The pictures are to be left out when the listing below is reproduced word for word.

*Supplied material*.
╔══

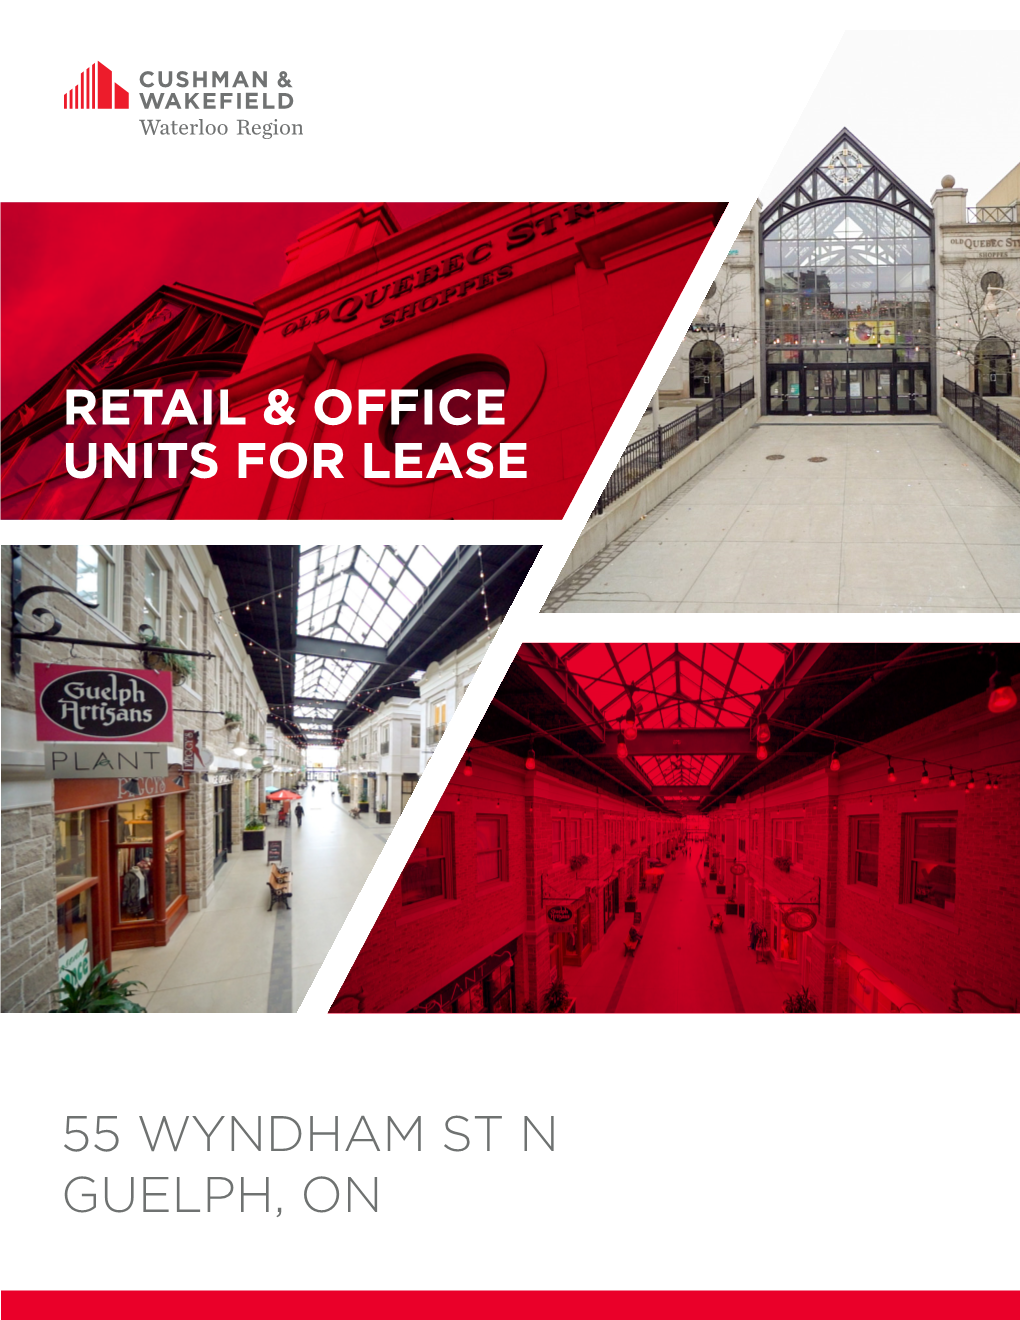 55 Wyndham St N Guelph, on Retail & Office Units For
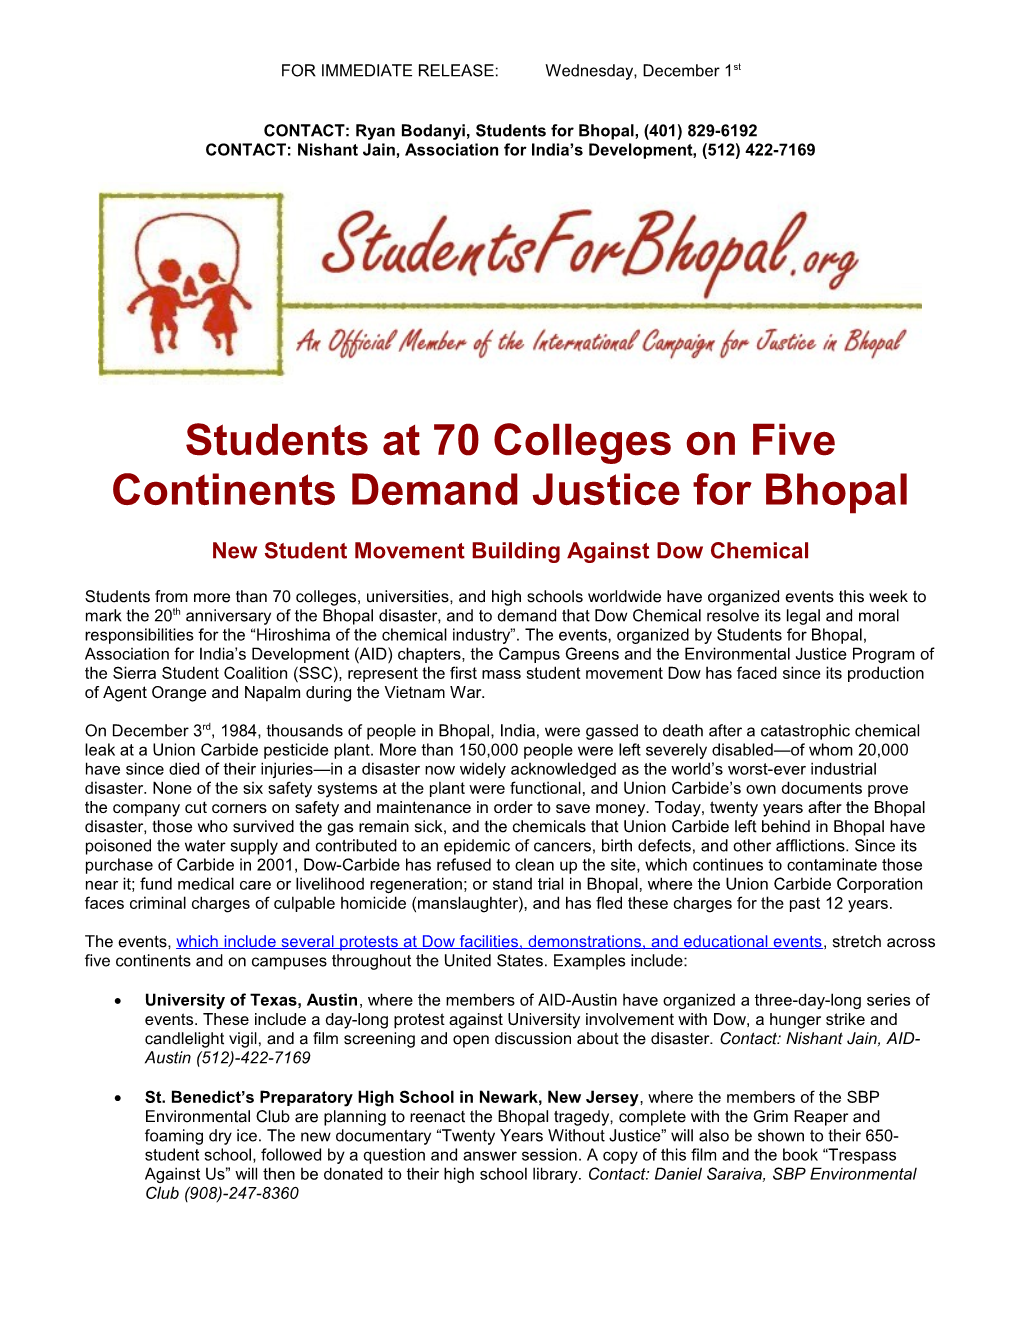 CONTACT: Ryan Bodanyi, Students for Bhopal, (401) 829-6192
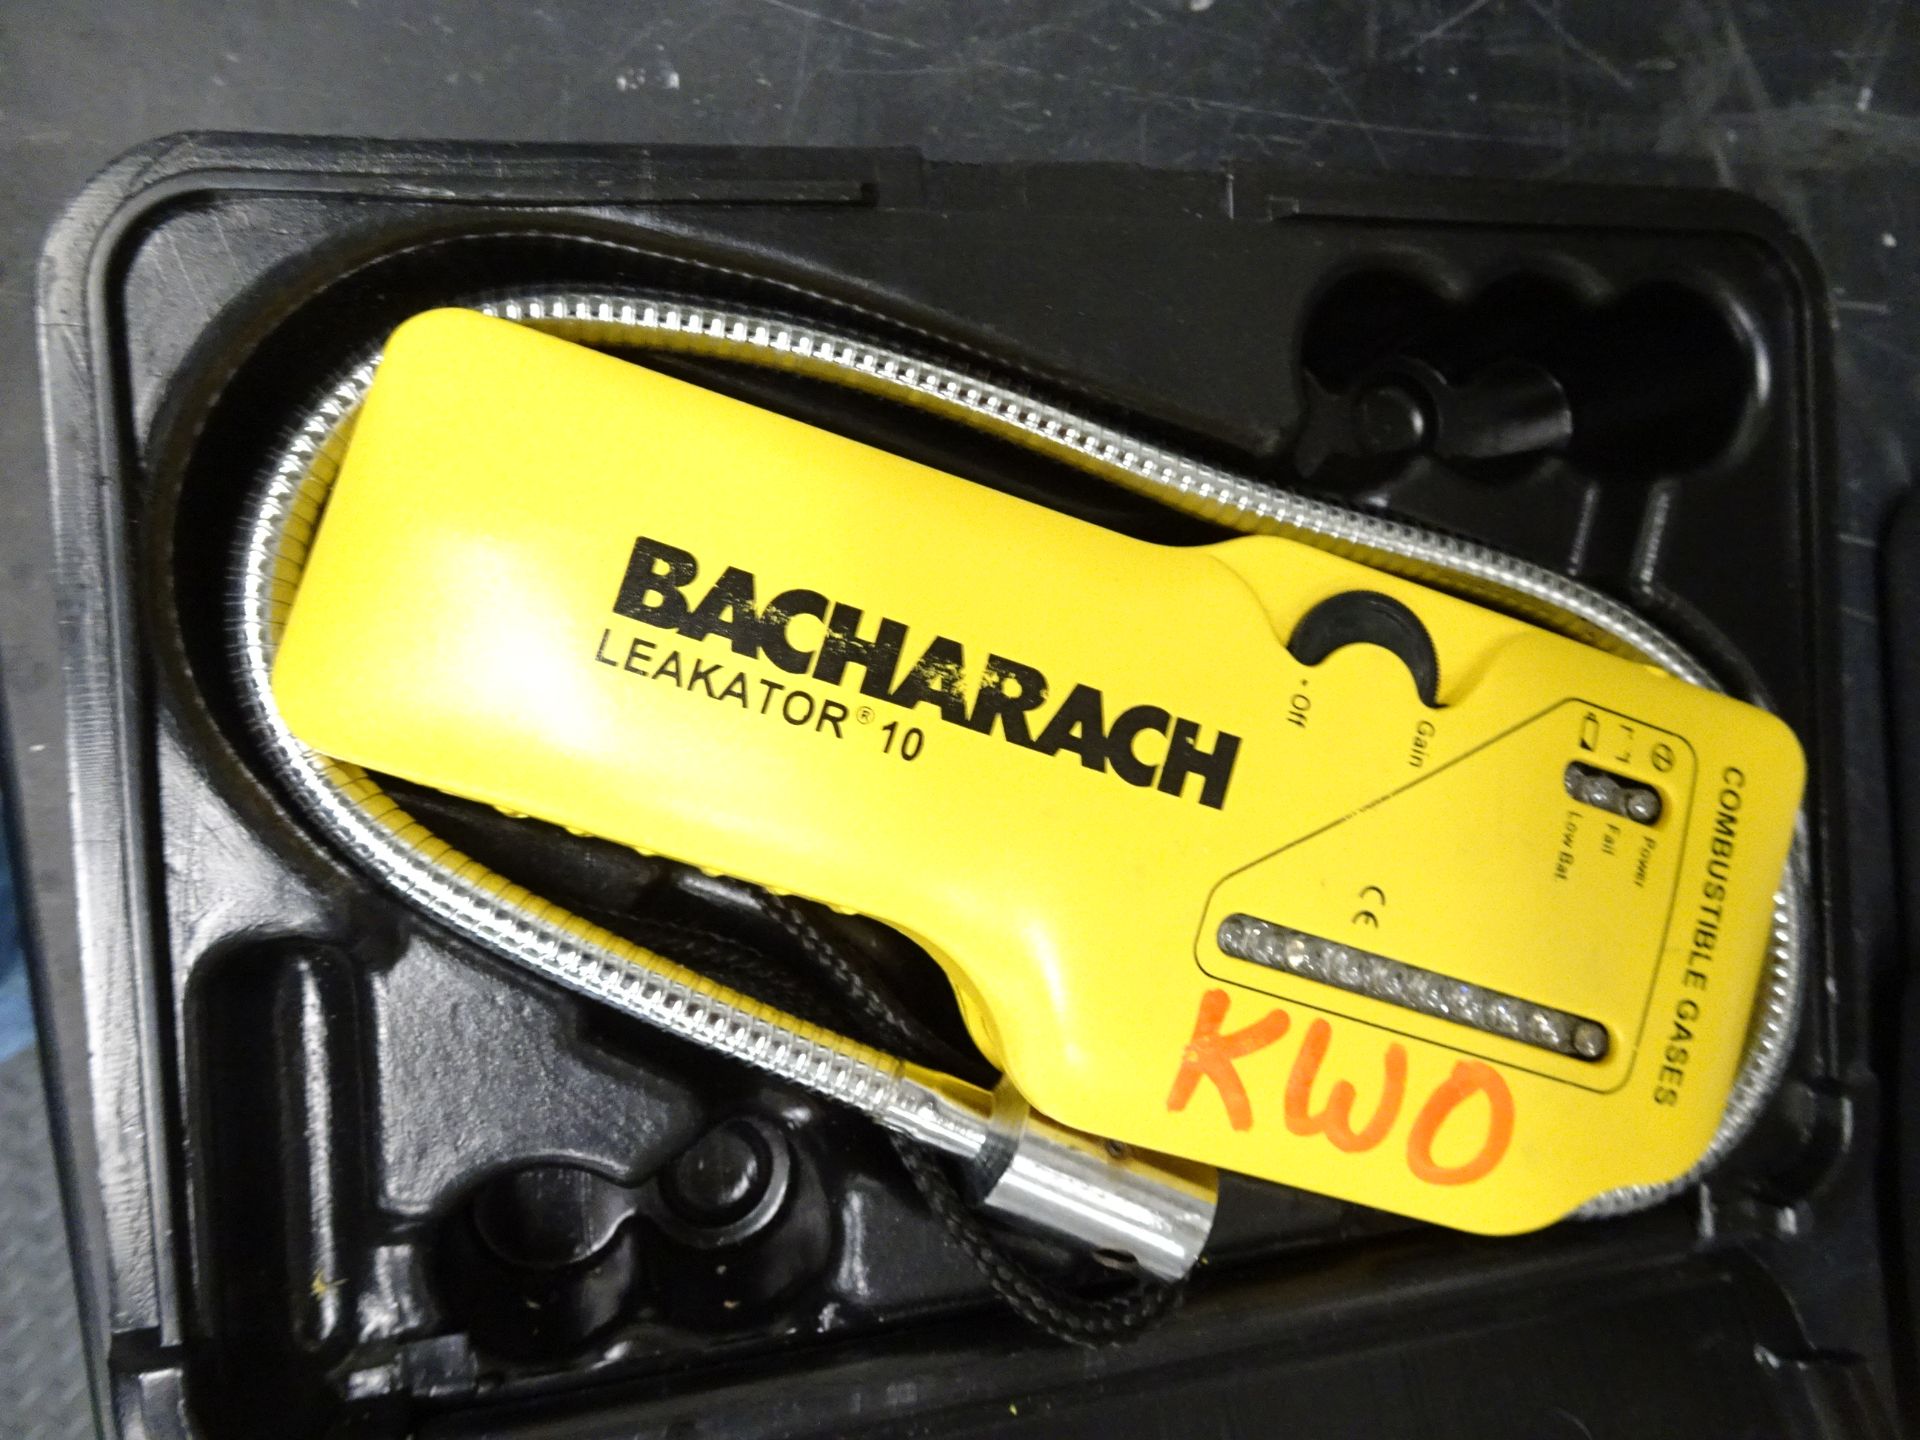 (1) Bachrach Leakator No. 10 Handheld Combustible Gas Detector Part No. 19-7051 With Associated
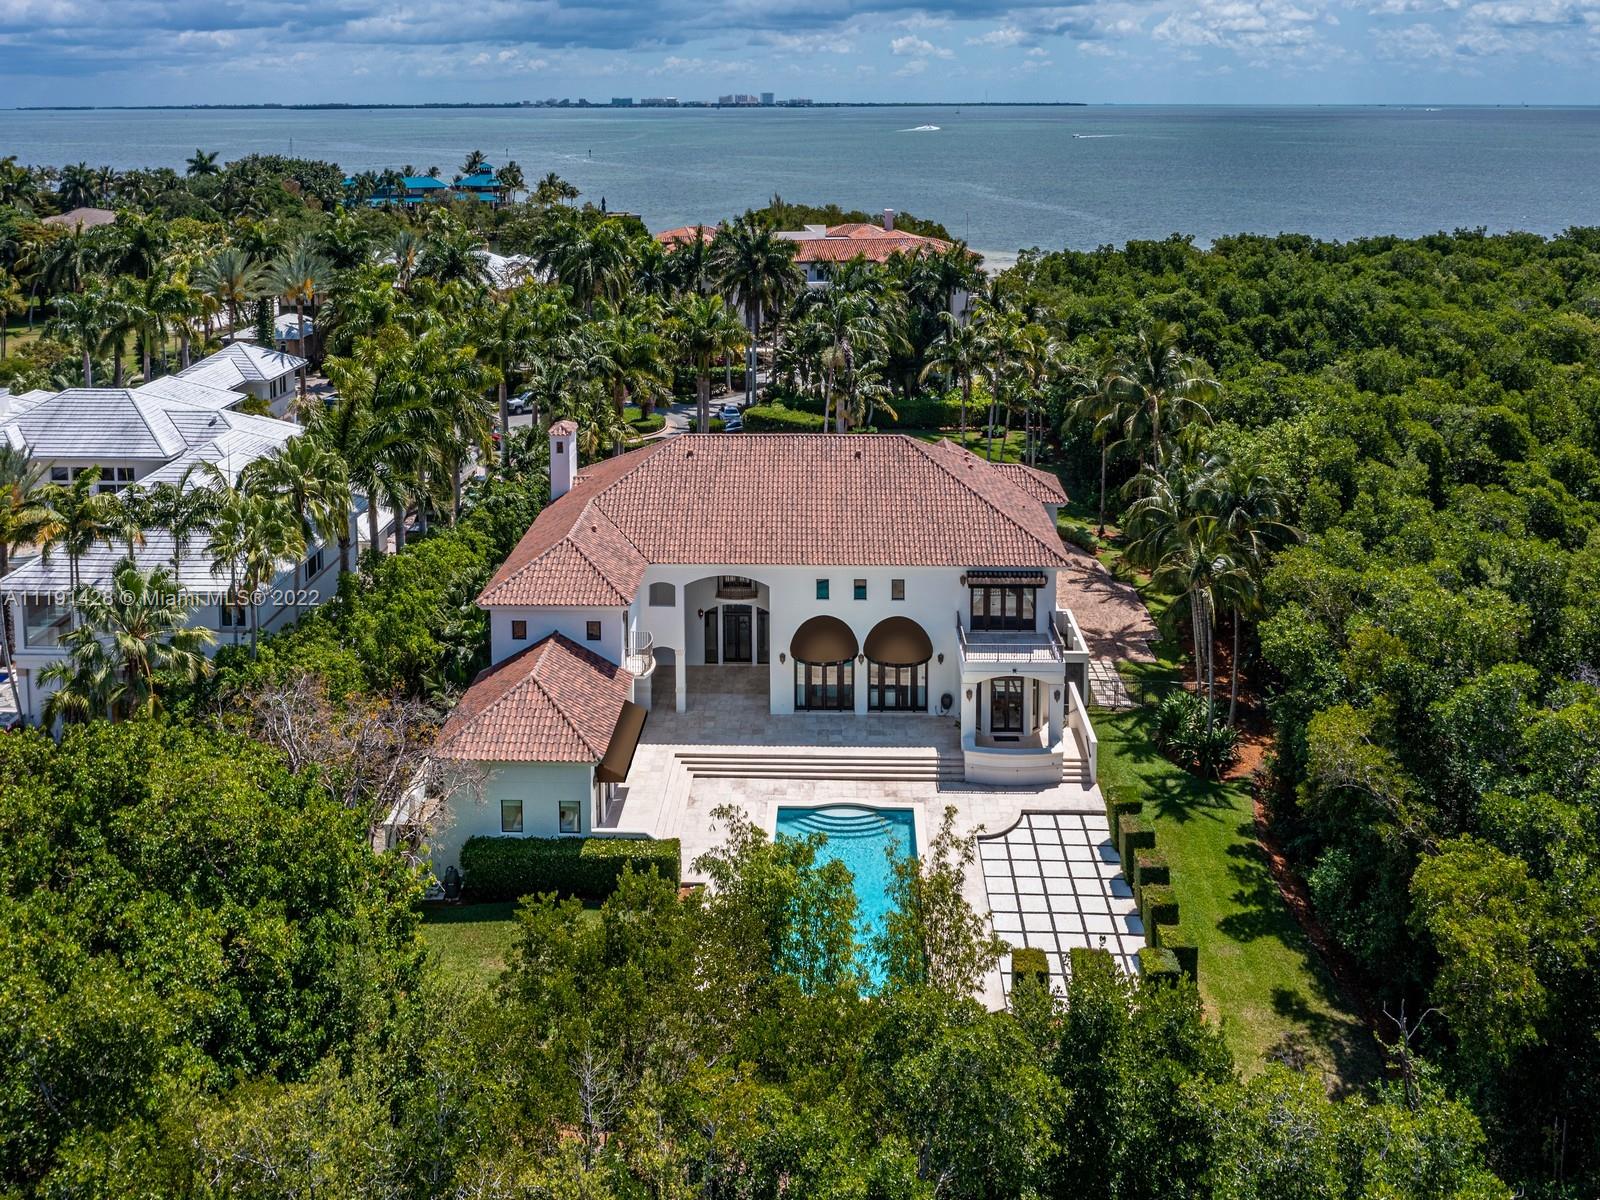 Unique opportunity to own a 1 of a kind estate in one of Miami's most prestigious GATED communities, TAHITI BEACH. This classic Mediterranean home is ideally located on a OVER 1 ACRE LOT at the end of a private cul-de-sac. This home features 10,768SF Total,7 beds,6.5 baths a double-height foyer & family room, oversized master bedroom w/a large balcony+a guest house w/a full guest house. W/a large pool & extensive outside terraces, perfect for entertaining. Large kitchen with a butler’s pantry. Including a large office w/ a full bath and balcony,3 car garage, service room, impact windows throughout & recently updated roof. Don’t miss this incredible opportunity to live in one of 26 homes in this private community, complete w/a private beach, tennis courts & access to all Cocoplum amenities

╚══

*Exercise output*.
 55 Wyndham St N Guelph, on Retail & Office Units For
 CONTACT: Ryan Bodanyi, Students for Bhopal, (401) 829-6192
 (1) Bachrach Leakator No. 10 Handheld Combustible Gas Detector Part No. 19-7051 With Associated
 Unique opportunity to own a 1 of a kind estate in one of Miami's most prestigious GATED communities, TAHITI BEACH. This classic Mediterranean home is ideally located on a OVER 1 ACRE LOT at the end of a private cul-de-sac. This home features 10,768SF Total,7 beds,6.5 baths a double-height foyer & family room, oversized master bedroom w/a large balcony+a guest house w/a full guest house. W/a large pool & extensive outside terraces, perfect for entertaining. Large kitchen with a butler’s pantry. Including a large office w/ a full bath and balcony,3 car garage, service room, impact windows throughout & recently updated roof. Don’t miss this incredible opportunity to live in one of 26 homes in this private community, complete w/a private beach, tennis courts & access to all Cocoplum amenities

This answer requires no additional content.